A “Reasonable” Approach
There is a balance to be found for personal securities transactions monitoring. While software can manage the time- and resource-intensive comparisons and pinpoint the red flags, it cannot undertake the analysis of them once they’re identified. Nor can it ensure that a firm’s code of ethics is up to par. This is where “man power” can have the most impact. But even at this stage the volume of scrutiny required could be overwhelming for some compliance officers. A perfect balance can be achieved by engaging with consultants who are experts in compliance to:
- Align the firm’s code of ethics with compliance mandates
- Ensure the code of ethics is properly implemented in the software
- Monitor any exceptions noted by the system while processing personal trading activity
- Raise an alert when red flags are identified that require review and redress.

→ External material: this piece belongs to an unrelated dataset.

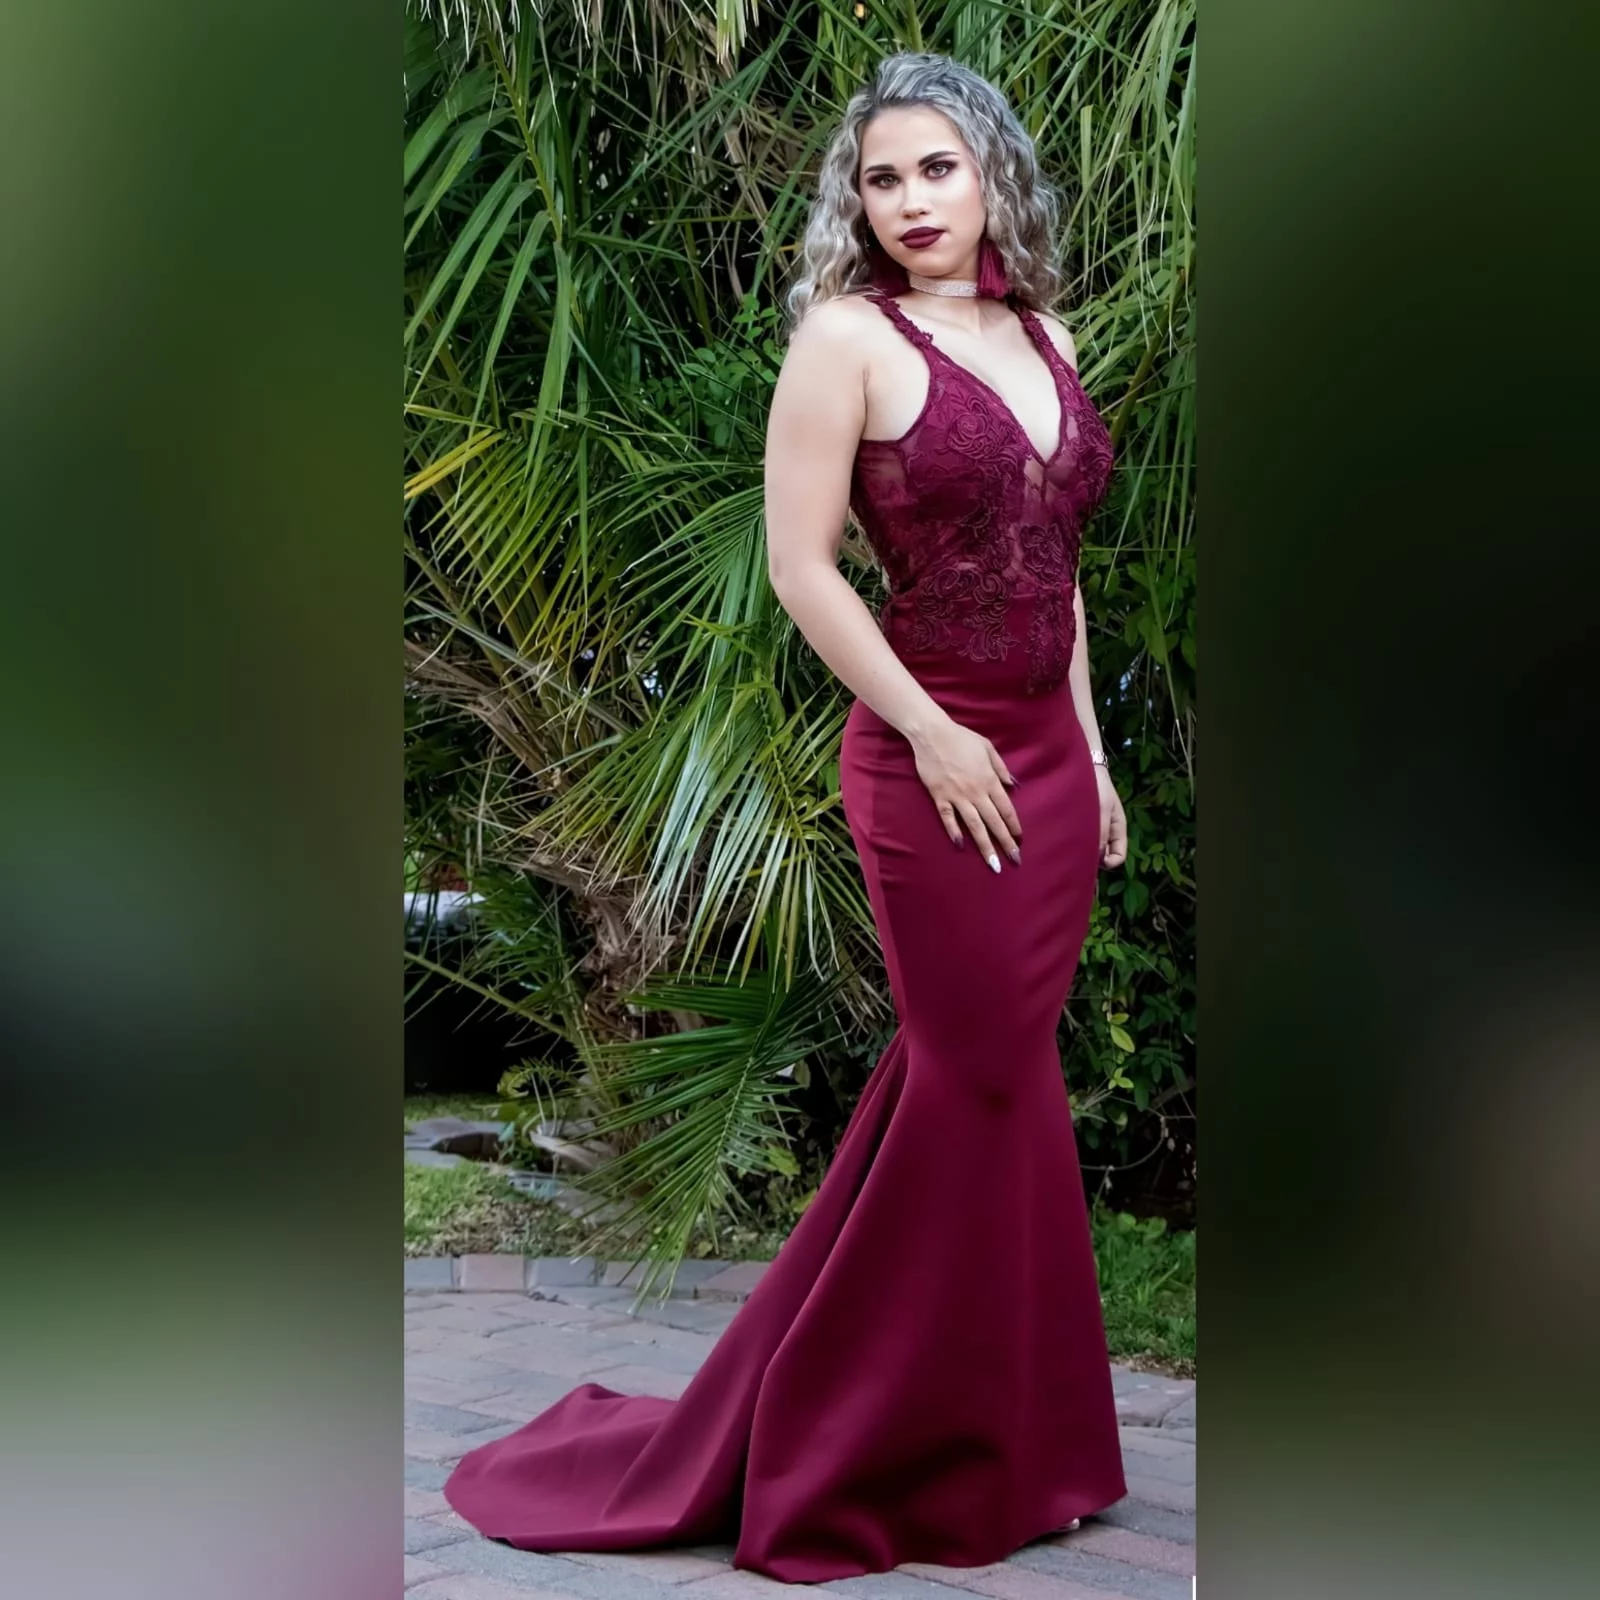 Burgundy soft mermaid sexy elegant matric dance dress 3 burgundy soft mermaid sexy elegant matric dance dress. With an illusion lace bodice with deep v neckline, low open v back with strap detail, with a train

While it is true that no compliance officer, system or program will be able to identify and avert all problems all of the time, it is important to remember that reasonableness is the standard. Rule 206(4)-7 under the Advisers Act and Rule 38a-1 under the Company Act require that advisers and funds adopt policies and procedures reasonably designed to prevent, detect and correct violations of the respective Acts. In this day and age, it is simply not reasonable to allow compliance problems to arise that could have been averted through responsible utilization and review of data already compiled by the firm. However, these efforts must be appropriately integrated into a comprehensive compliance program and monitoring efforts tailored to the firm’s practice.
 In hindsight, the 2008 Compliance Alert appears to have been a prelude to the legal and regulatory offensive against trading abuses, such as insider trading, which was manifested in earnest beginning in 2009.